Hasta que un día me harté. Empecé a cansarme de las noticias y de las opiniones de los periodistas. El mundo entraba en un proceso de cambio permanente, seguramente los nuevos tiempos exigían estar más informado que nunca, pero la desoladora coyuntura económica y el cansino panorama político me empujaron a querer desconectar, a volver la vista hacia el retrovisor, y recuperé mi vieja afición por las viejas canciones. Y la música volvió a inundar el cubículo de mi coche.

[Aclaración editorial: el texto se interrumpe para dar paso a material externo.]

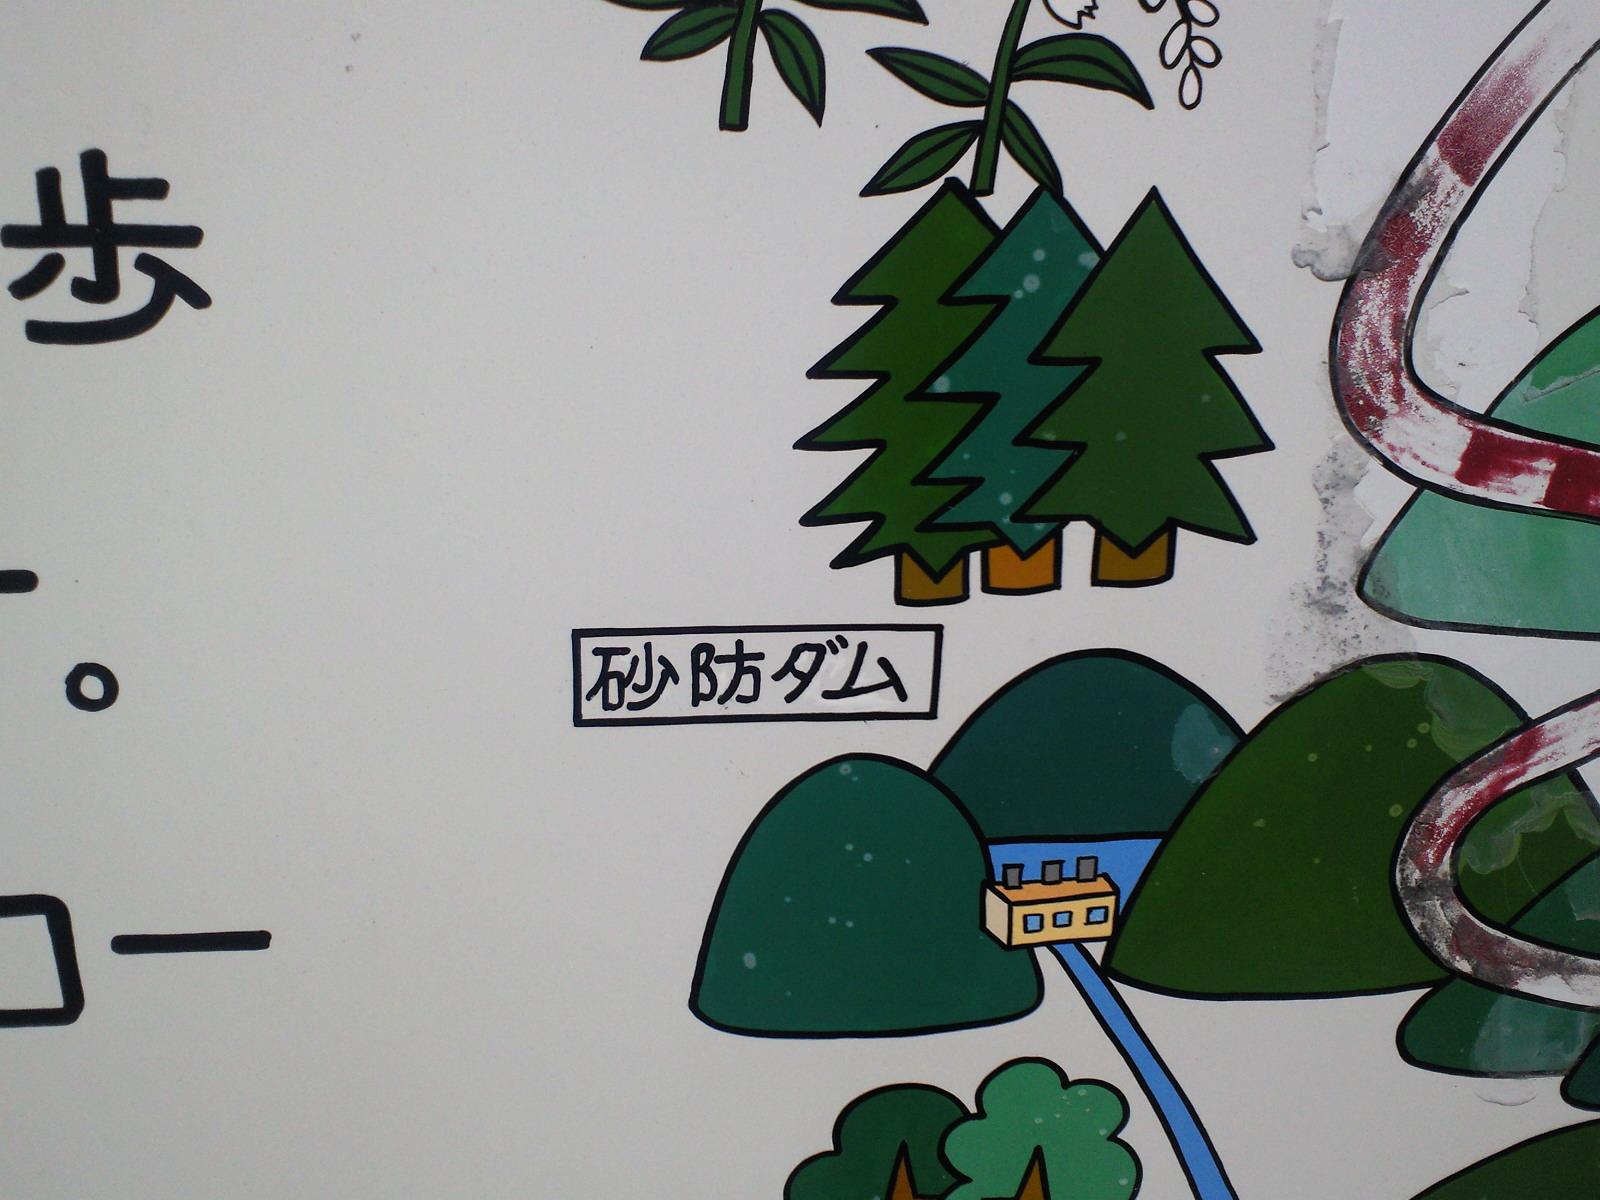 JR四国非提供:四国珠玉の駅紹介シリーズ「阿波大宮」_c0001670_22304623.jpg

Desde entonces, casi siempre sintonizo emisoras que radian música de tiempos pasados, no sé si mejores, pero que al menos me resultan familiares. El otro día, en una de esas cadenas que se niegan a emitir canciones que no sean mayores de edad, me sorprendió que pusieran un tema nuevo, tan nuevo que el disco ni siquiera se había estrenado. Seguramente lo hicieron porque el autor es un viejo rockero, uno de esos tipos cuya edad le coloca en esa franja de edad que da derecho a la jubilación. Además, la canción sonaba a lo de siempre, a lo que siempre ha hecho. Y me agradó comprobar que hay ocasiones en que lo bueno no es innovar, sino seguir haciendo bien lo que se ha hecho bien toda la vida, es decir, buenas canciones.

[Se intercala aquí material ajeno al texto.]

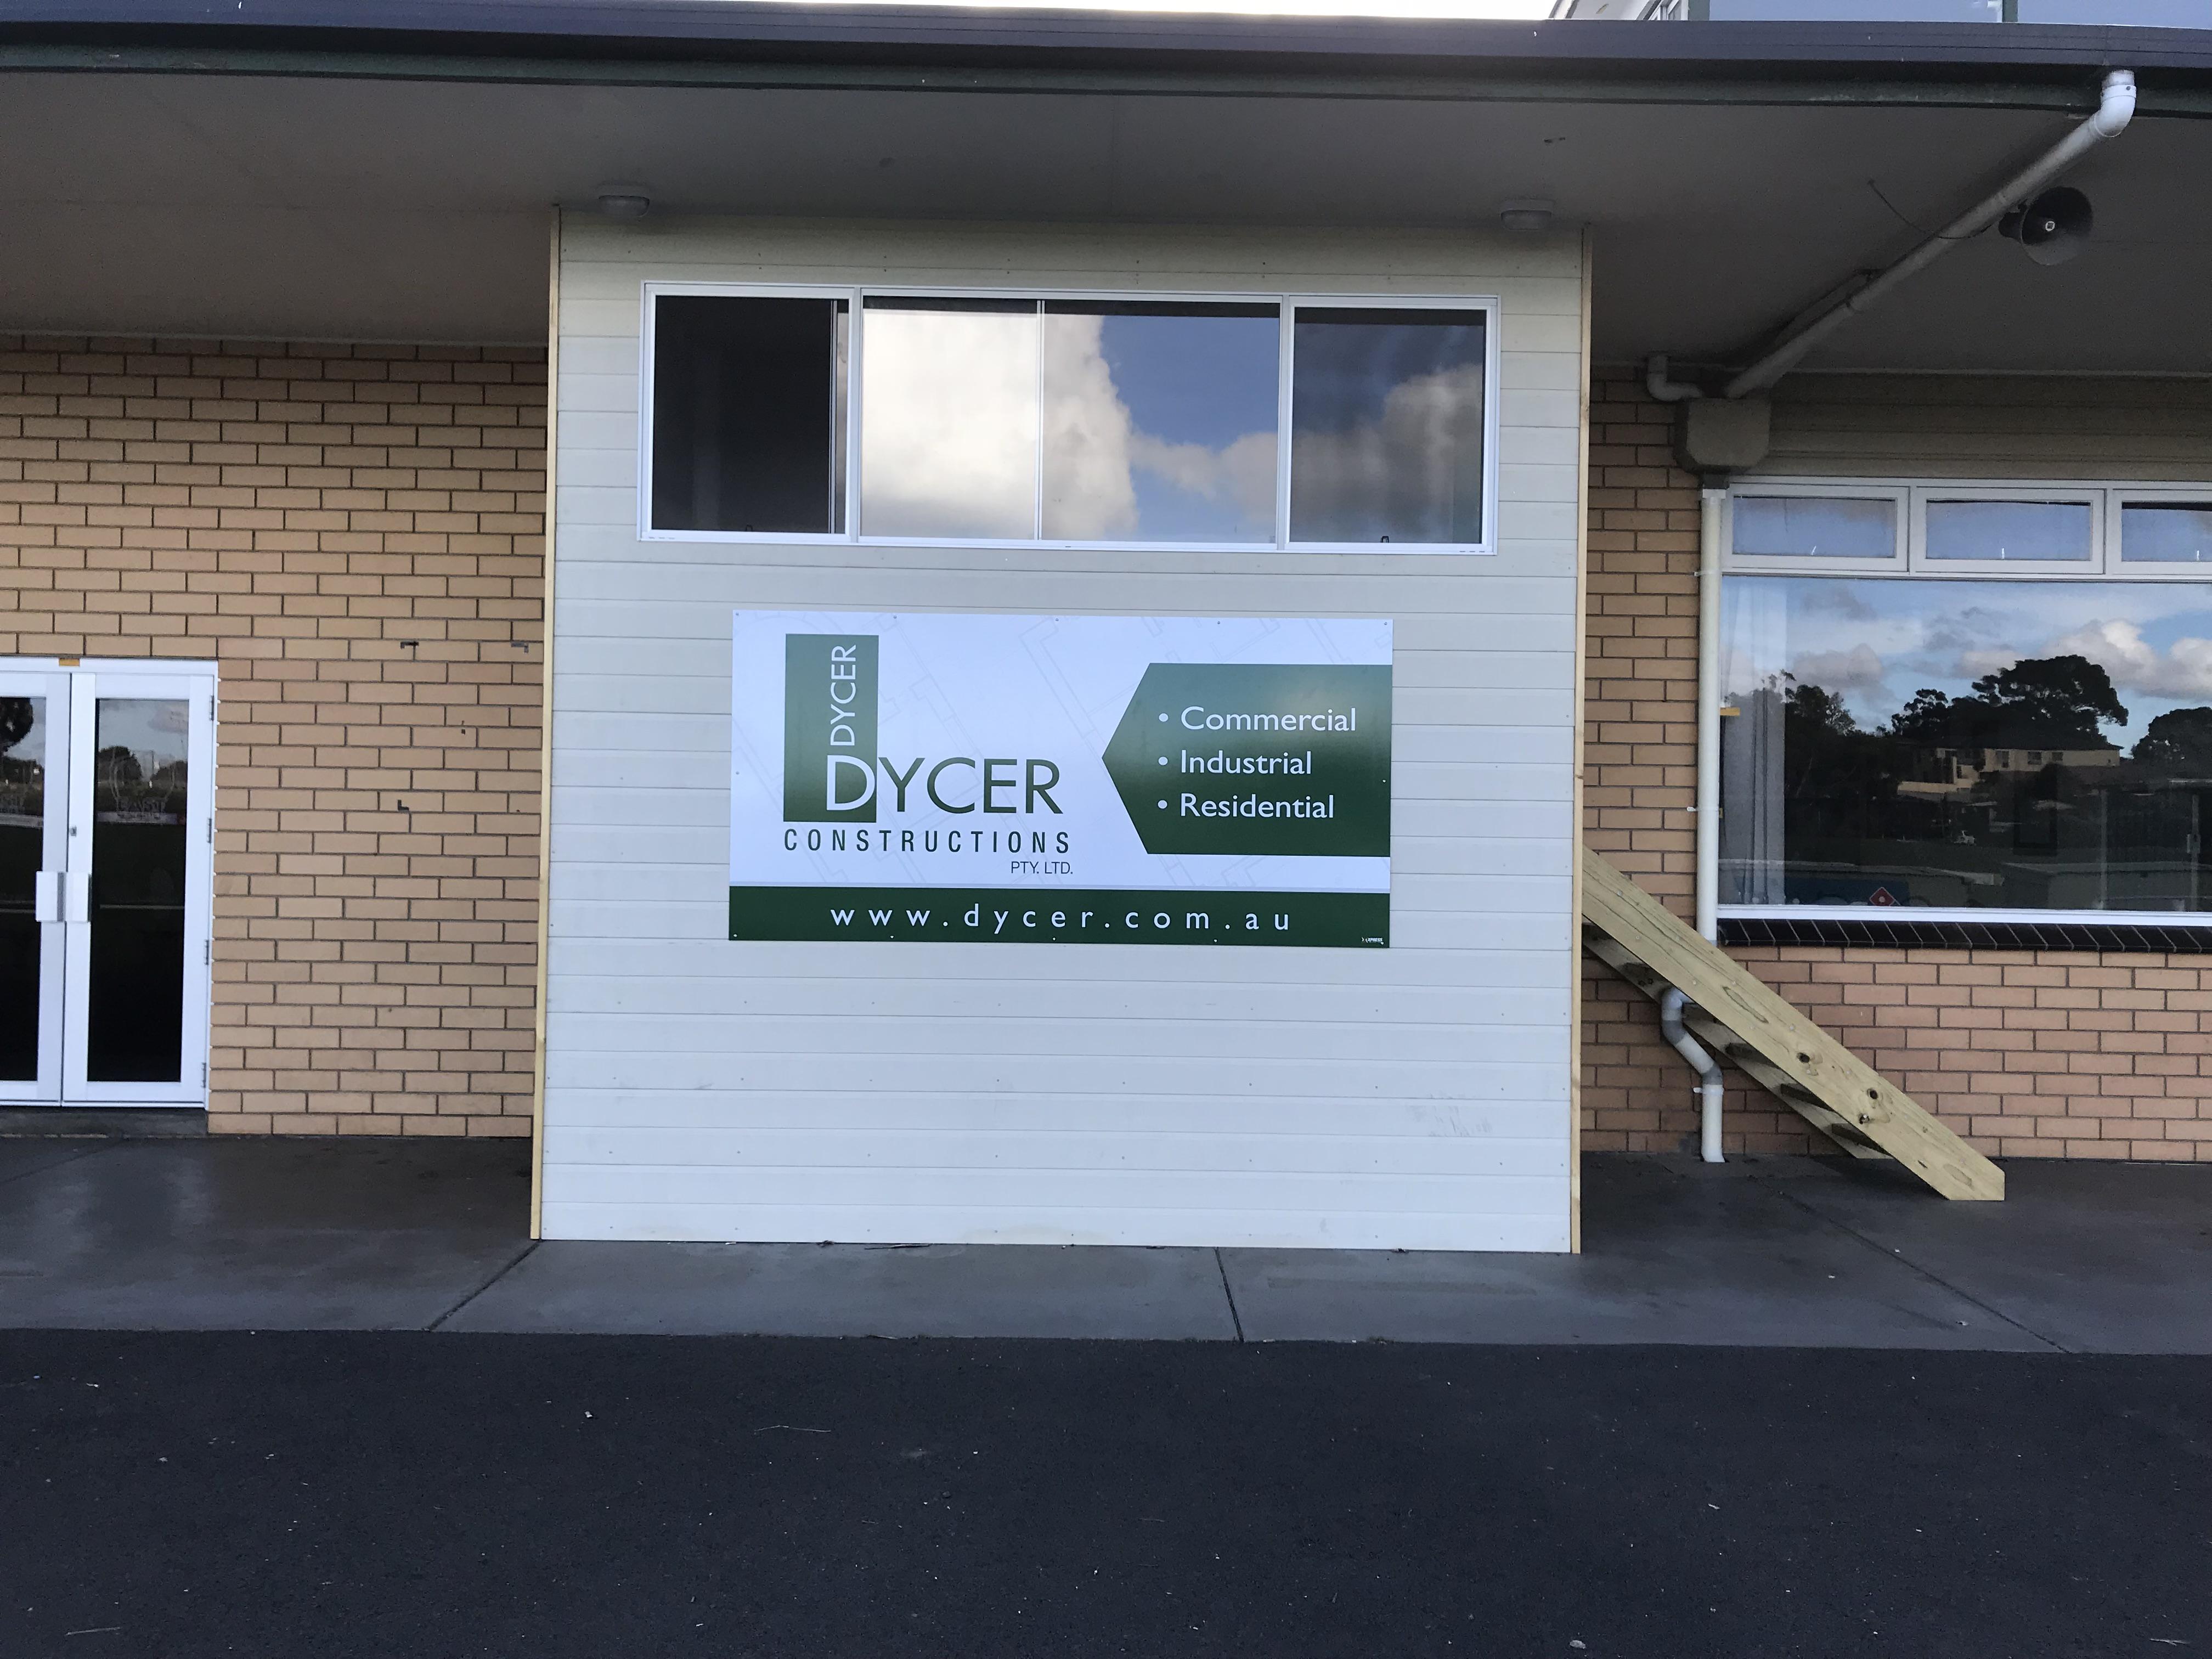 Dycer Constructions Sponsor Sign

Para el que aún no sepa de quién hablo, me apresuro a desvelarlo. El músico en cuestión es Mark Knopfler, y la canción (como anticipa el título) es Beryl, incluida en el recién presentado Tracker. Beryl suena a años 80, a lo mejor de Dire Straits. El estribillo es fresco, alegre y pegadizo, y la guitarra tiene un deje que me recuerda al sonido de la banda sonora de La Princesa Prometida. Les animo a escucharlo. Beryl es sencillamente espectacular. Y reconozco que, en estos tiempos en que hay que hacer verdaderos esfuerzos por estar al día en cualquier asunto, fue agradable mirar al futuro echando marcha atrás y recuperando antiguas costumbres. Como se dice por ahí: A veces hay que dar un paso atrás para coger un nuevo impulso.


P.D.- Por cierto, la canción es un homenaje a la novelista inglesa Beryl Bainbridge.